• _WHAT YOU SHOULD DO_: Leave out the images; return the rest of the data exactly.

• _SUPPLIED MATERIAL_:

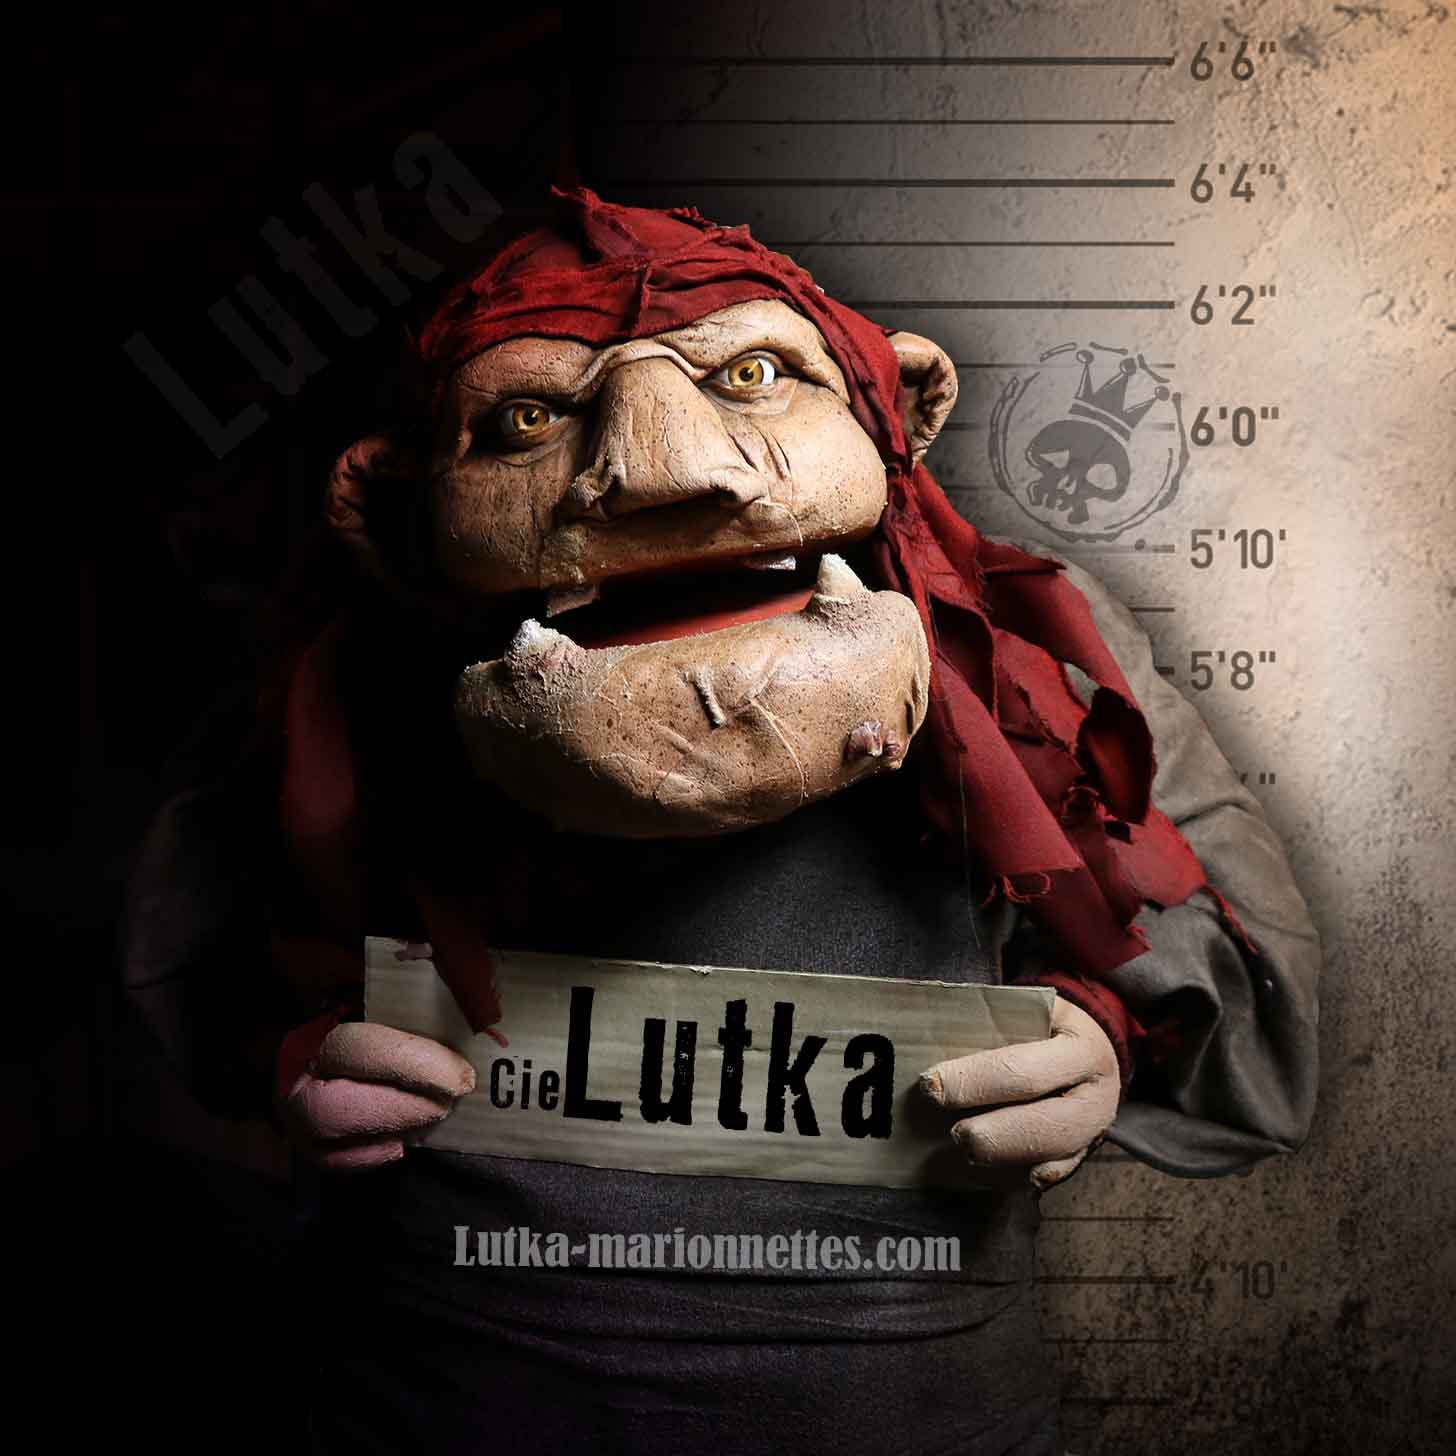 Cie Lutka Marionnettes
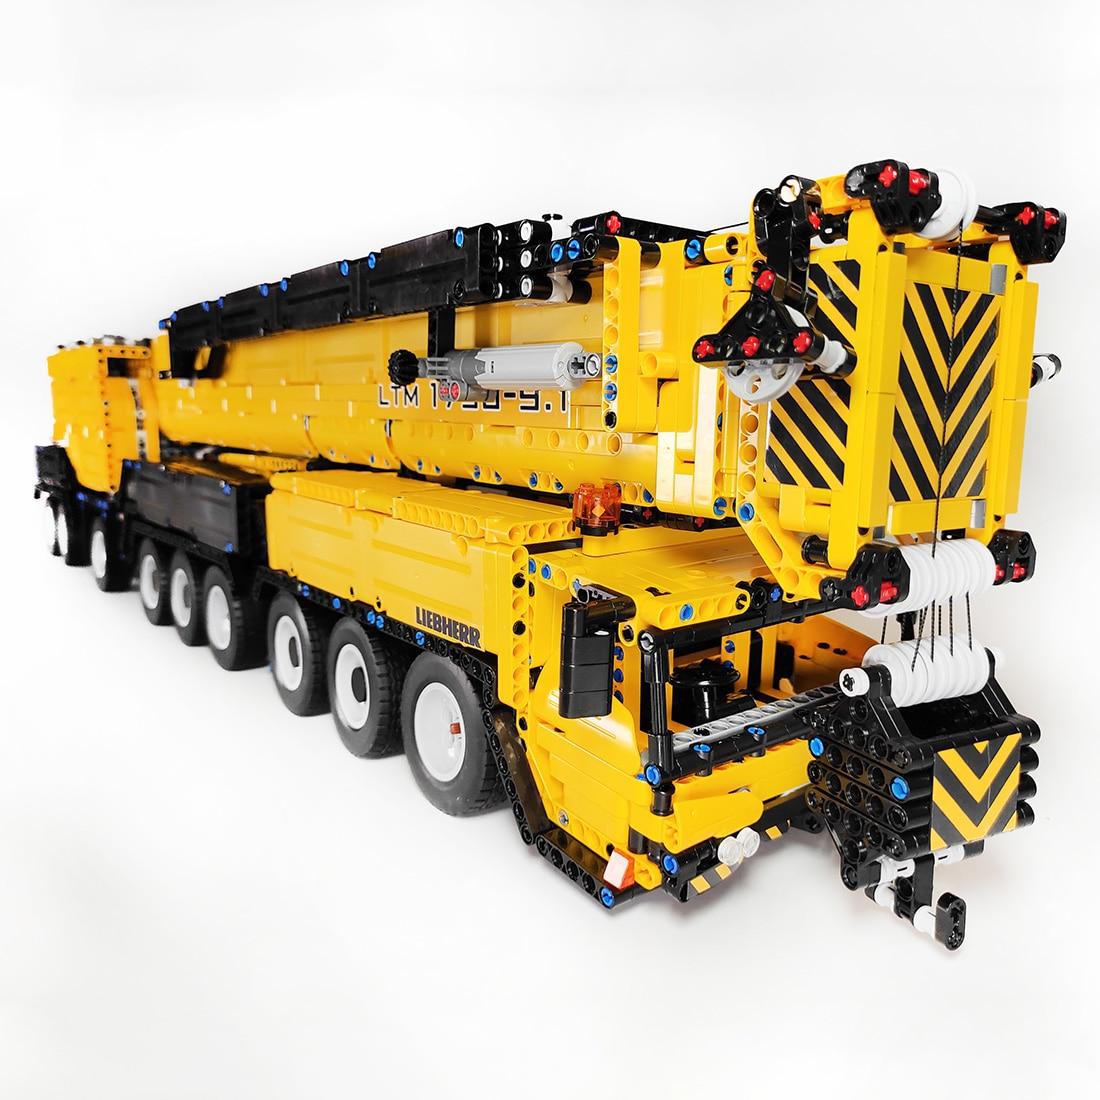 7668Pcs DIY Moc Small Particles 1:20 2.4G RC Mobile All-terrain Crane LTM1750-9.1 Building Blocks Construction Vehicle Kit
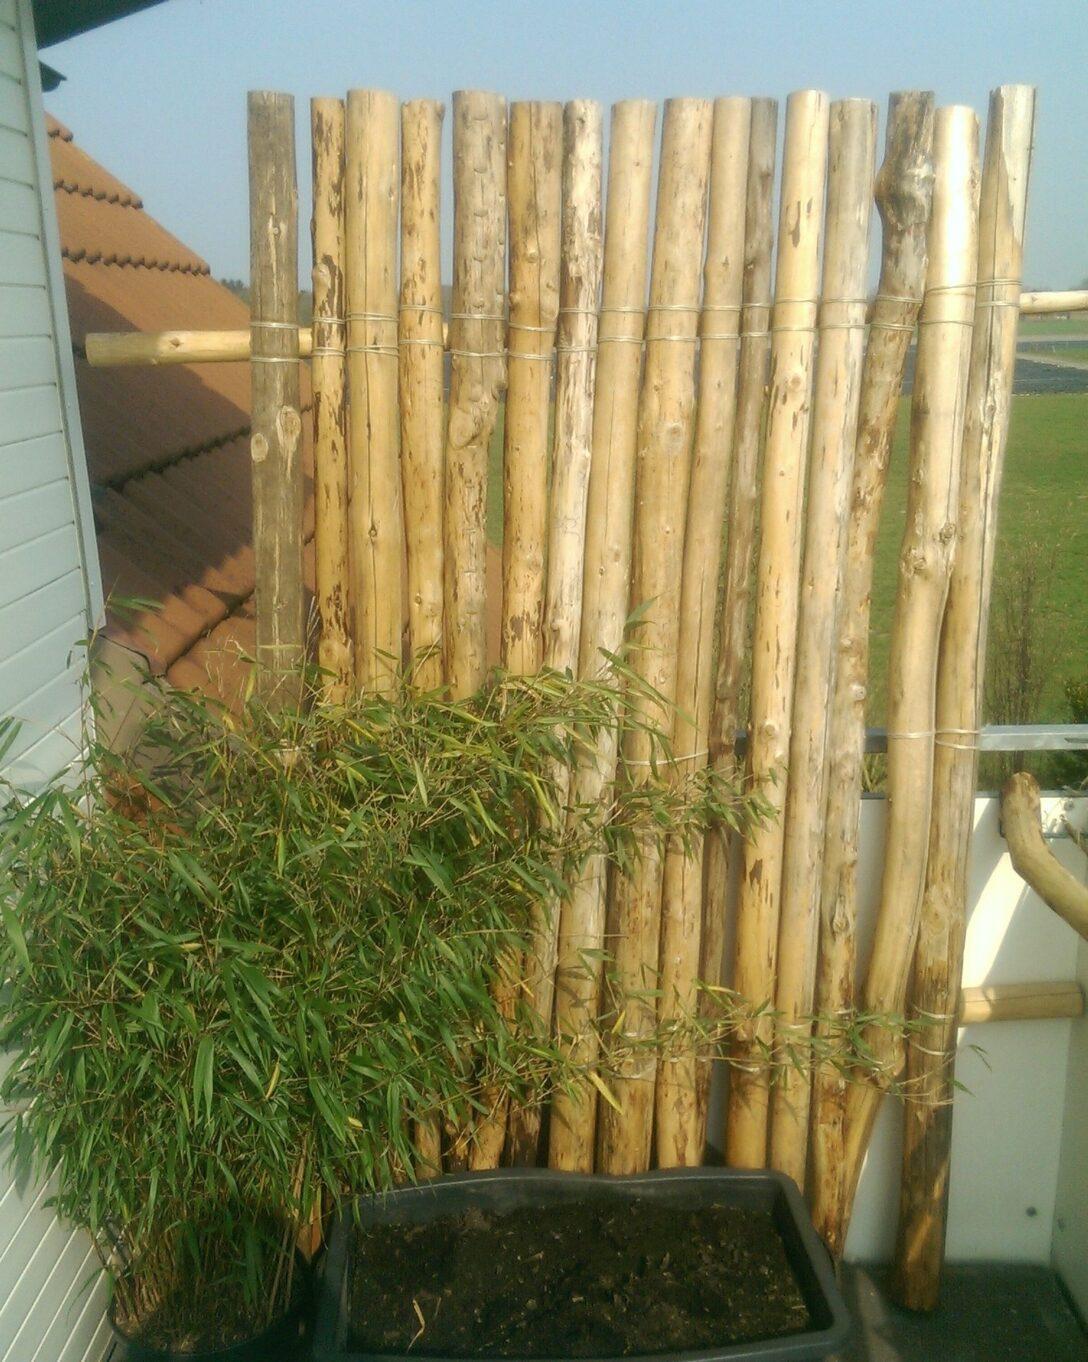 Large Size of Paravent Bambus Balkon Obi Selbstgemacht Kreativer Windschutz Garten Bett Wohnzimmer Paravent Bambus Balkon

• _EXERCISE ANSWER_:
 Cie Lutka Marionnettes
 7668Pcs DIY Moc Small Particles 1:20 2.4G RC Mobile All-terrain Crane LTM1750-9.1 Building Blocks Construction Vehicle Kit
 Large Size of Paravent Bambus Balkon Obi Selbstgemacht Kreativer Windschutz Garten Bett Wohnzimmer Paravent Bambus Balkon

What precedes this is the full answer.